» **EXCERPTED DATA**
* * * * * * *

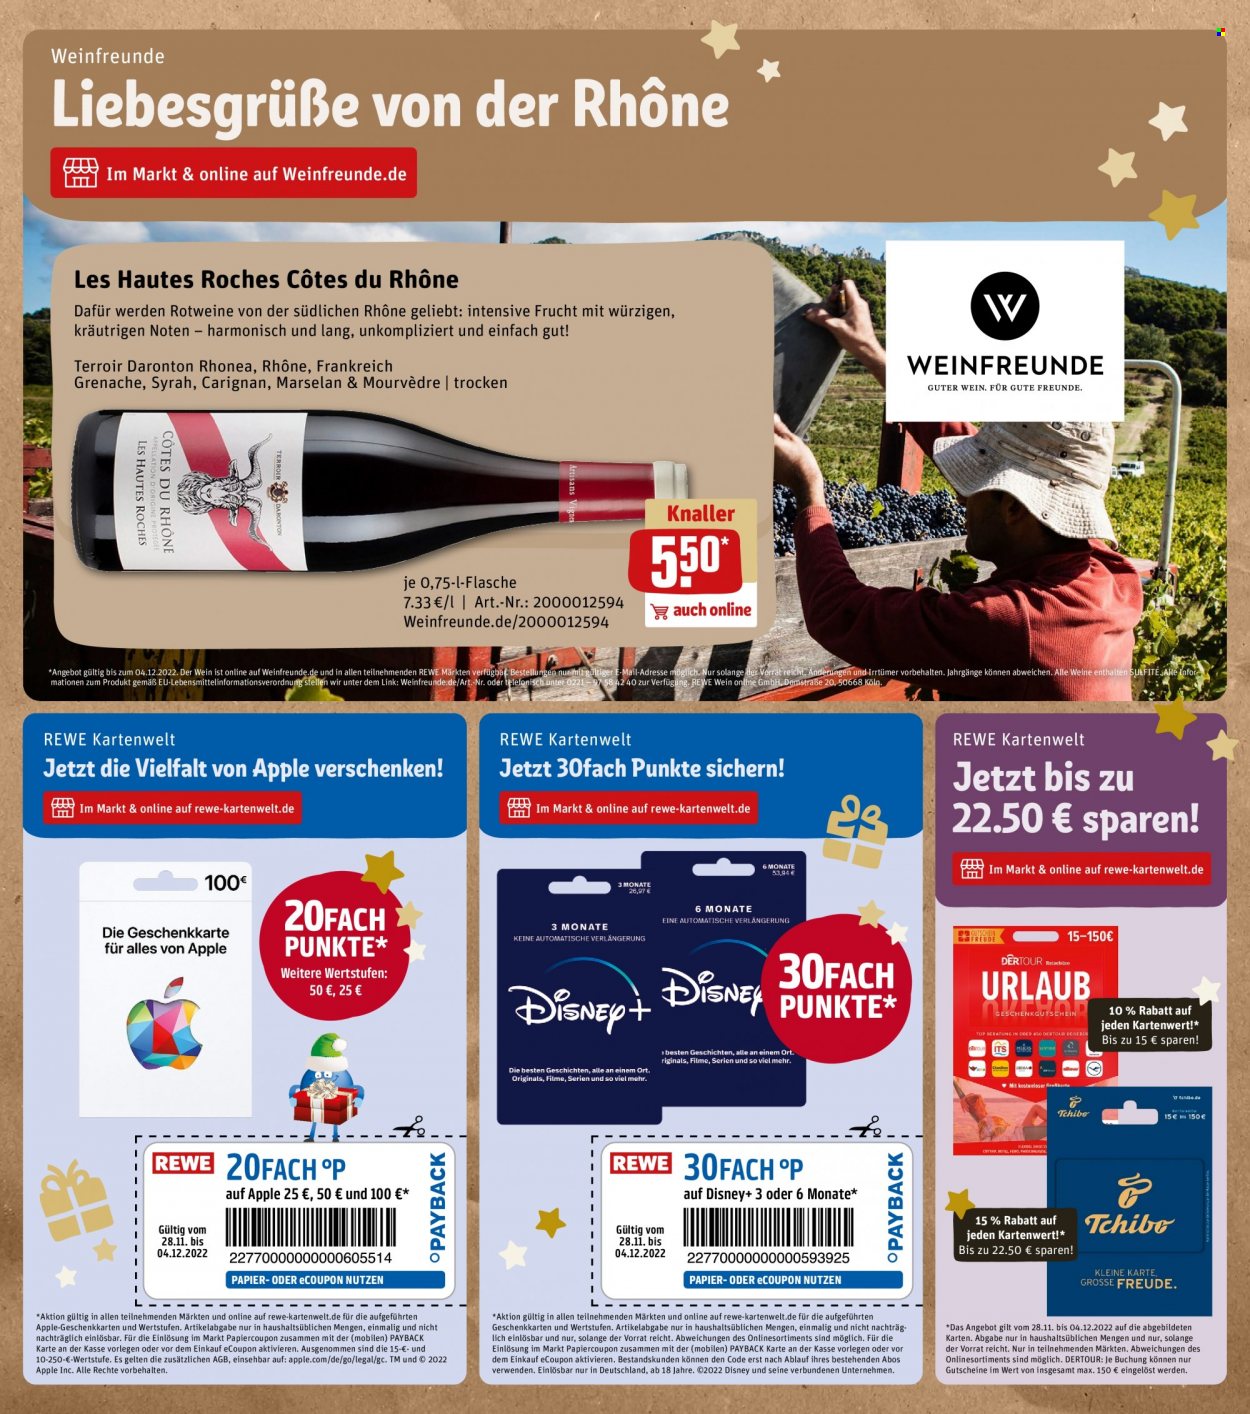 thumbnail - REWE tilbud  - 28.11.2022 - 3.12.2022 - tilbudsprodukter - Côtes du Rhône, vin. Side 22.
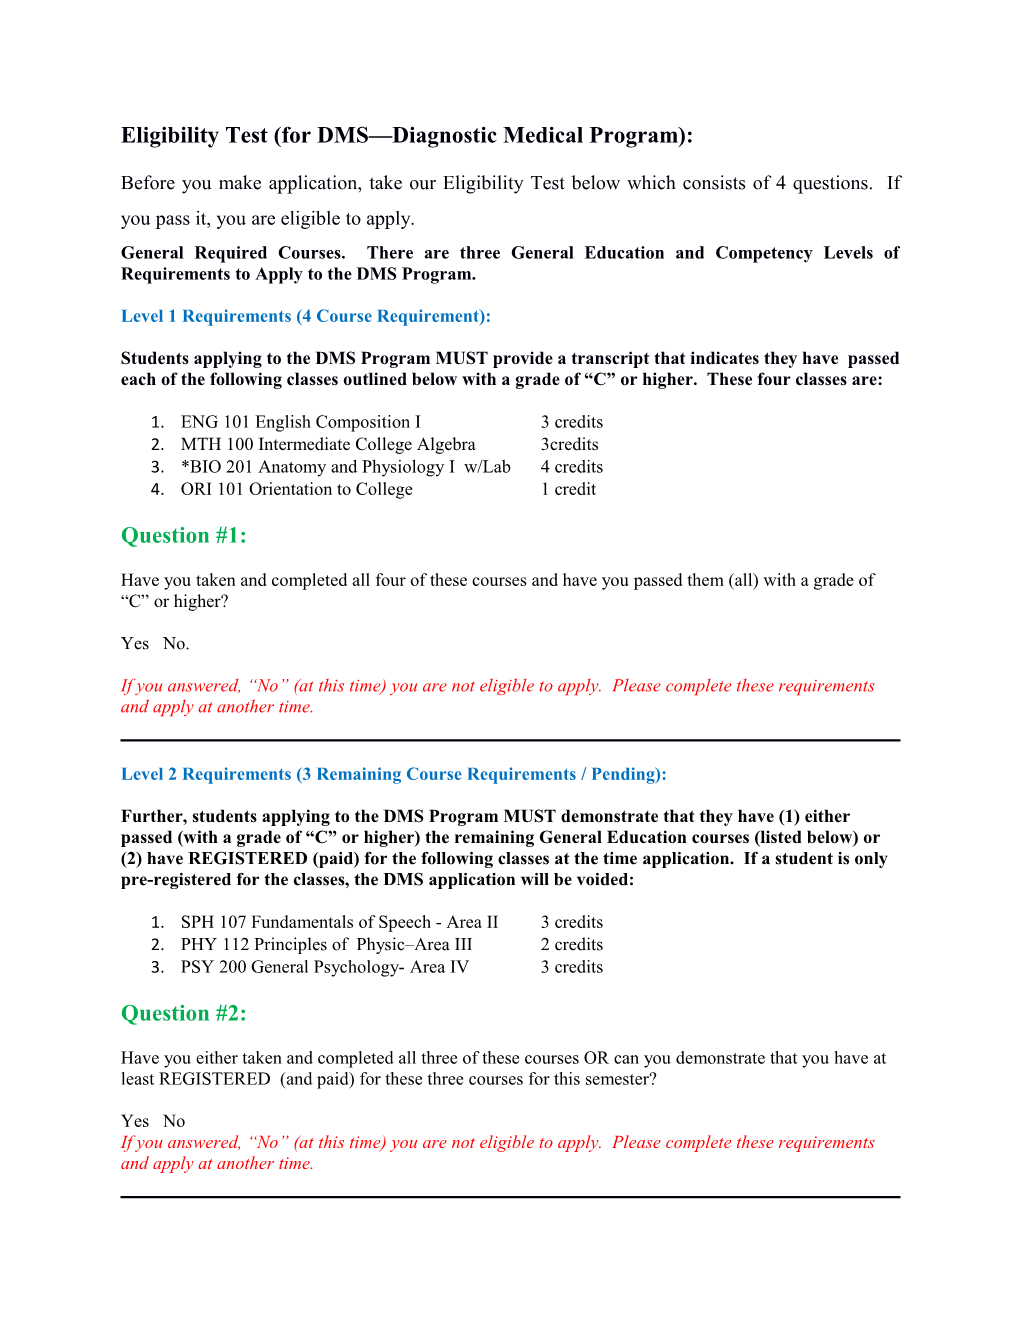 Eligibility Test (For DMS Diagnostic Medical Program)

* * * * * * *

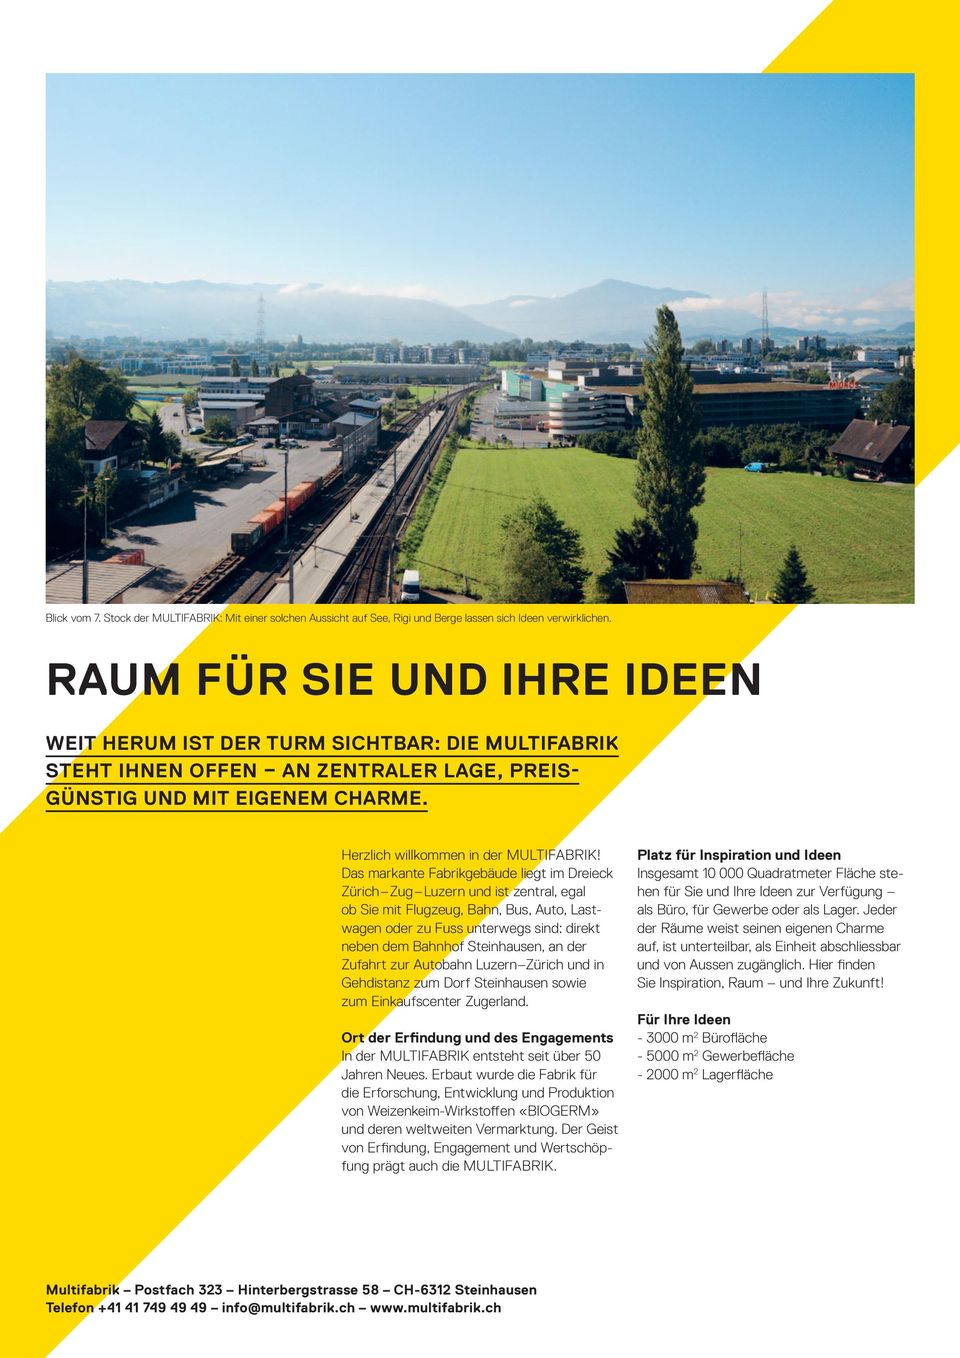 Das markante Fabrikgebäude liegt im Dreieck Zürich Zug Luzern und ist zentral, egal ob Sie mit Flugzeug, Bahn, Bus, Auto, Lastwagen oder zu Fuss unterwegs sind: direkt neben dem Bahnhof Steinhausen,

* * * * * * *

» **PROBLEM TO SOLVE**
Which part of the entries opens with the line containing "thumbnail - REWE" and closes with the line containing "Eligibility Test (For"? Output that part exactly, ends included, pictures excluded.

» **EXERCISE OUTPUT**
 thumbnail - REWE tilbud  - 28.11.2022 - 3.12.2022 - tilbudsprodukter - Côtes du Rhône, vin. Side 22.
 Eligibility Test (For DMS Diagnostic Medical Program)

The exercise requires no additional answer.